Our pedestal table has survived three moves and two renovations—and in the process has taken some hard knocks. It wasn’t in perfect condition when I found it on Craigslist. I paid $175, if memory serves, and there were dings and scratches on the pedestal base, which I sanded and painted. In the last move, though, the laminate top was gouged in a very prominent spot. Strategically placed candles got me through. (I do love these colorful candles that I found at Designer’s Guild in Chicago!) But was there a permanent fix for this this chipped laminate? I did some research on how to repair laminate and found a product contractors use to fill seams on laminate counters, called, fittingly, SeamFil. Here’s how it works.
If you’re repairing a laminate countertop (or as in my case, a table top), you’ll need the following materials this project:
- Tube of SeamFil, color-matched to your counter top
- SF-99 Solvent
- Putty knife
- Pliers and Screw driver to open solvent lid
- Scrap piece of cardboard to mix the SeamFil on
- Paper towels
- Protective gloves
They will color match if you send them a chip, but I just chose their basic white and it proved to be a true match to my aged laminate.
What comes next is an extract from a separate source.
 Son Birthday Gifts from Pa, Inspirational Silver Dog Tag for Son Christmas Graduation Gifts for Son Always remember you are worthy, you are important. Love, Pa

So, ready to repair some laminate?
Step 1: Open the can of solvent.
Step 2: Apply solvent to a clean paper towel.
Step 3: Remove the cap from the tube of SeamFil.
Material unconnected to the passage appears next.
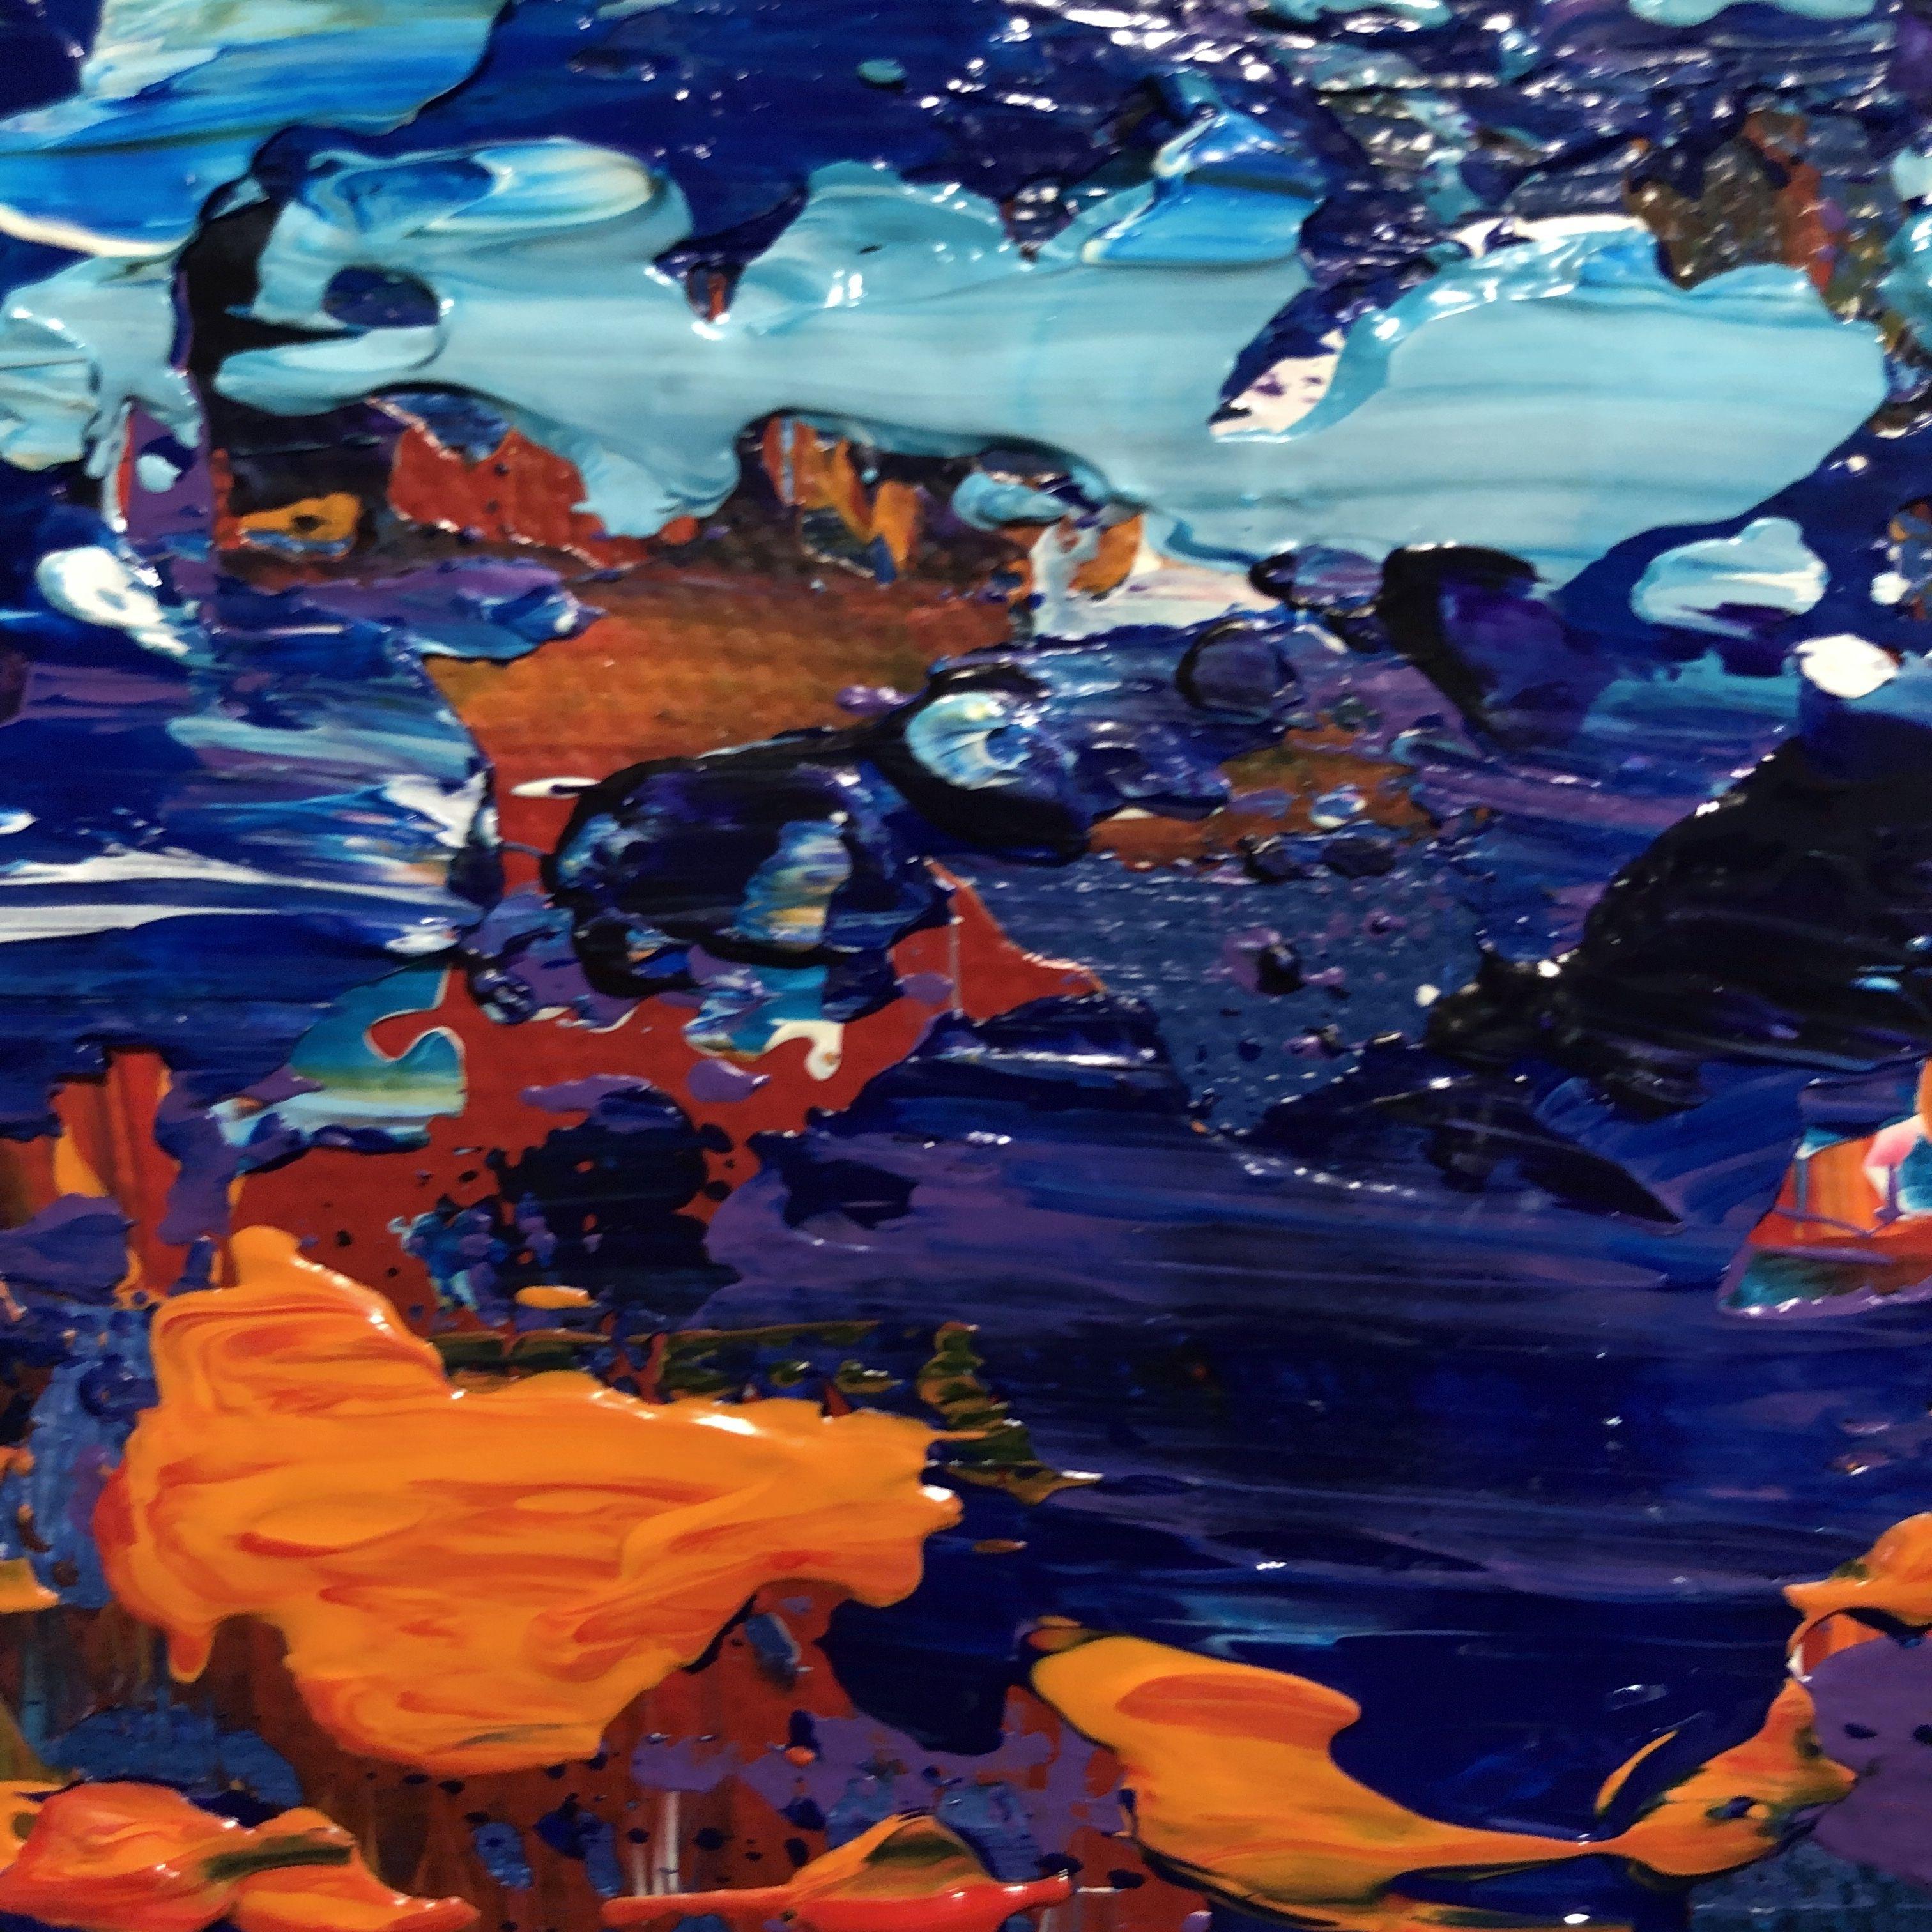 Boats on water - Abstract Seascape Waves, reflections, sea water in motion¦ Let your imagination free¦ Colorful painting realised in the style of Gerhard Richter. Multiple layers of acrylic painting has been applied on the canvas. Rich texture. The

Step 4: Using your putty knife, smooth the filler back and forth until it thickens.
Step 5: Fill the gouge in your laminate with SeamFil, then scrape off the excess.
Step 6: Apply a small amount of solvent to a clean paper towel and wipe it across your repair.
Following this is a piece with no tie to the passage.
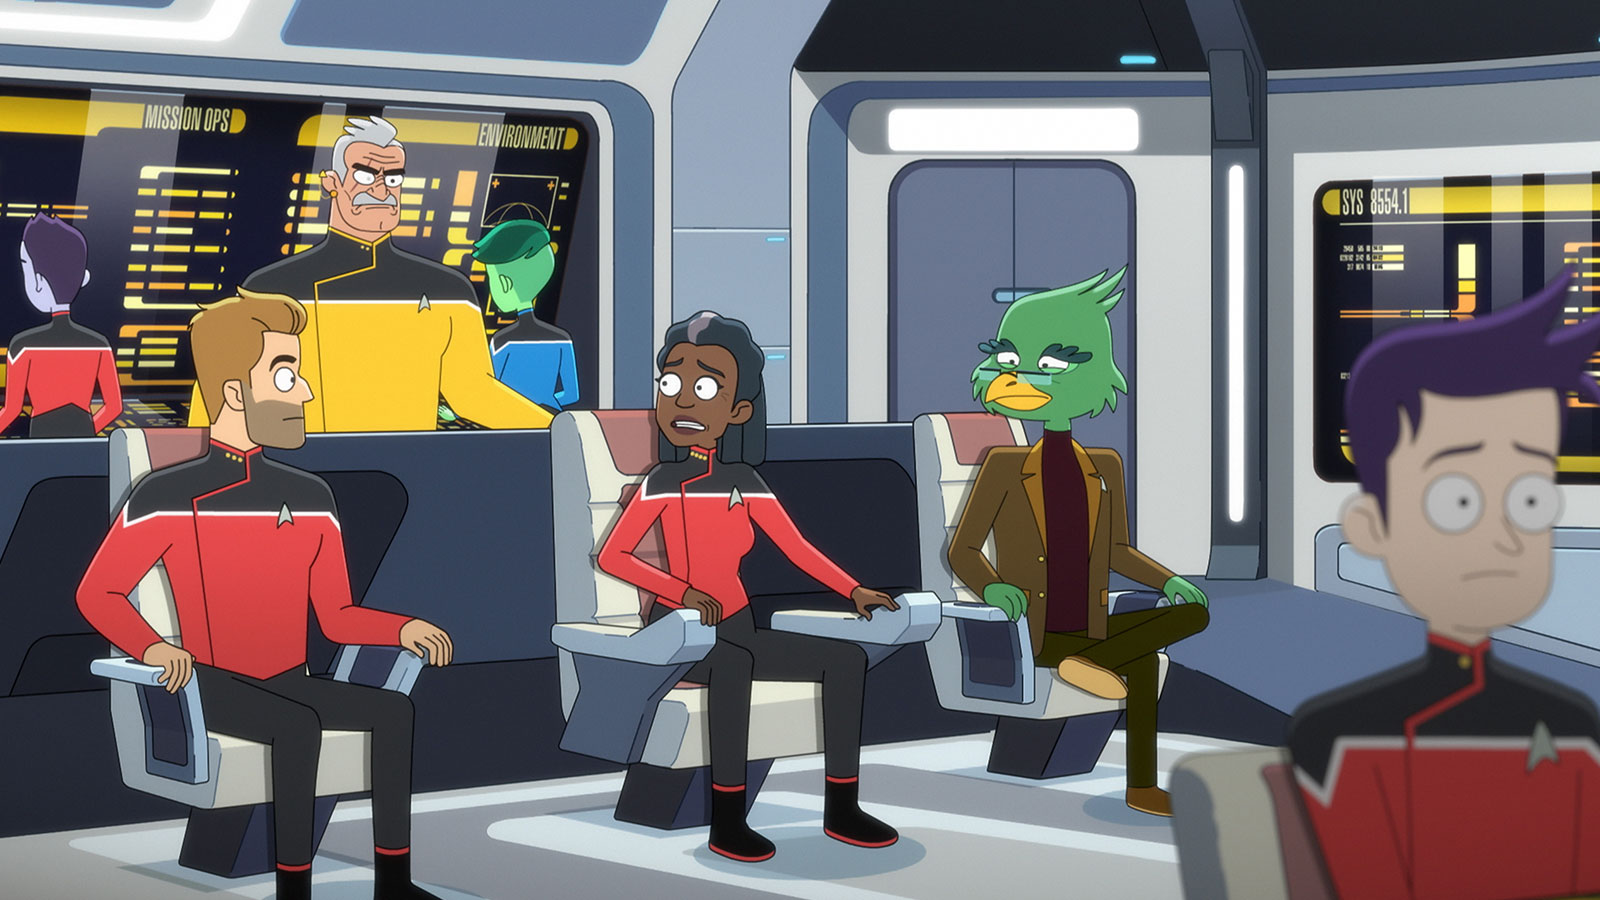 Star Trek: Lower Decks Season 3 Finale “The Stars at Night” New Images + Preview

Above is the repair after one round of filler. My table gouge is particularly large and deep—much bigger than the example shown in the video. So I decided to add another round of filler.
I waited five minutes, then repeated steps 4-6. Here is how it looked after two layers of filler.
Not perfect by any means. You can still see an indentation. It’s like a little white crater now.
Here’s a close up—before and after two coats.
From a distance, you can’t see that there was ever a gouge.
I haven’t given up my favorite candles, but I don’t have to worry whether they’re concealing a ding.